Gray, unlike Wickliff and all his fellows, had arrived quite alone, with one battered trunk, which apparently was half filled with books, and even Sophie, though growing to like him very much, could not honestly describe him as other than plain.

The Professor, moreover, issued such invitations with only two purposes in mind: to provide sycophantic company for himself or eligible suitors for Amelia. Gray was self-evidently neither—and, indeed, it appeared to Sophie that her father was not only avoiding Gray's company himself but attempting to discourage any closer acquaintance with Amelia.

Yet here was Gray, and here he remained, in a condition that—though he shared their meals, as a guest ought—was very like servitude.

Further, he spoke and behaved like a gentleman, if an awkward and diffident one, yet his coat-sleeves were an inch too short for his arms, his boots worn down at the heels. Those of his possessions which Sophie had had occasion to see were in a similar state—sturdy goods long used, well kept but often mended. Was he a fraud? An interloper? A gentleman fallen on hard times?

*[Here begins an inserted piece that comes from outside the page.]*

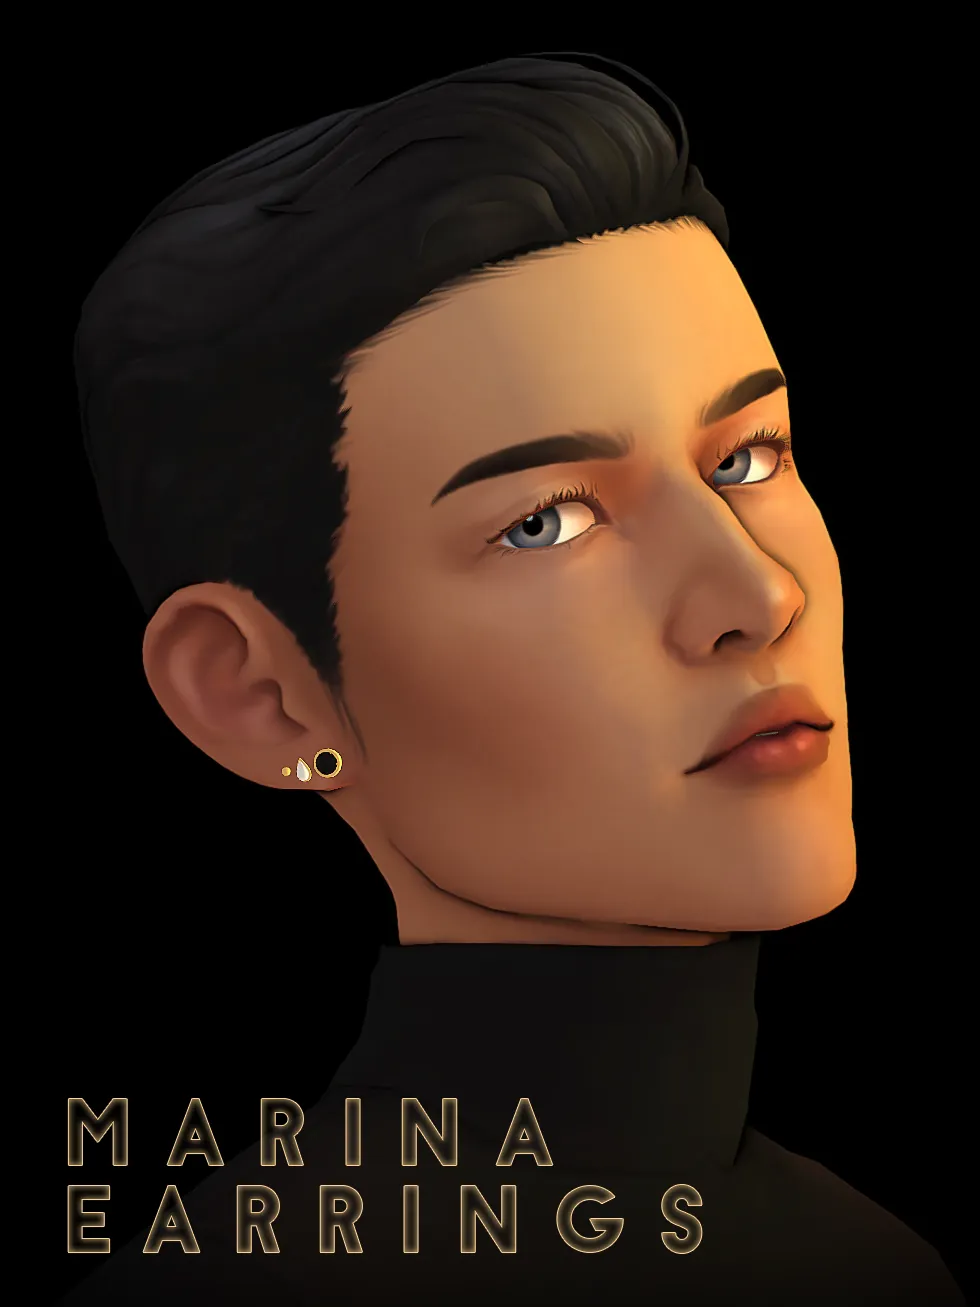 marina earrings

“I do think it very kind of Papa to attempt to improve Mr. Marshall,” said Amelia one morning, when Sophie and she were working together in the morning-room. “But I fear his efforts are quite wasted.”

“Oh?” Sophie kept her eyes on her crewel-work, lest her expression reveal how much this subject interested her. “How so?”

“Oh! I do not think Mr. Marshall improves at all,” said Amelia. “I begin to believe he is not worth the trouble.
I
certainly do not intend to take any further trouble about him; a young man who does not so much as remark when one wears a new gown . . . !”

“But, Amelia,” said Sophie, with as much gravity as she could muster, “young men cannot be expected—”

“Oh! As to knowing the difference between one gown and another, certainly not. But a man ought to take notice of one's appearance, Sophia, even when he does not understand what it is he is taking notice of.”

Indeed, his behaviour on that first evening notwithstanding, Gray had quite failed to offer Amelia the abject admiration she considered her due. Sophie could not be certain whether Gray's indifference to her sister's charms indicated (as she rather hoped) unusual perspicacity, or whether it was mere absence of mind; its result, however, was that Amelia had quit the field altogether, giving Sophie, for almost the first time, both opportunity and leisure to study the ways of young men—at any rate, of one young man. What manner of life had he led, that she so often saw him look fearful or unhappy? What made his stammer come and go? Why should the Professor bring him here, only to disdain him, and why should he bear so meekly the Professor's ill-natured, often ill-deserved rebukes?

Sophie found this philosophickal study an absorbing one; Gray, she concluded, was a far more interesting person than either he or the Professor wished her to believe.

*   *   *

“Sophie! So-phieeee!”

Gray, dressing himself for dinner in his bedroom, wondered at the cheerful cry. The voice was one not known to him, and, of all the household, only he himself used the name Sophie preferred, and then only when no one else was present. As he tugged a comb through his thick sandy hair, still damp from washing—trying as he always did to force it into some semblance of respectable neatness—he listened closely for a reply.

It came soon enough, in Sophie's familiar voice: “Joanna, do be quiet! Come in, come upstairs. If the Professor hears you screeching like a fishwife, we shall be read lectures for a month.”

Joanna.
This, then, was the youngest Callender daughter, home at last from school in Kemper. Heedless of her sister's admonition, she chattered eagerly all the way up the stairs.

“If only you would walk as quickly as you speak,” Sophie said. She sounded harassed, yet there was an affection in her tone that Gray had never heard when she spoke to her father or Miss Callender.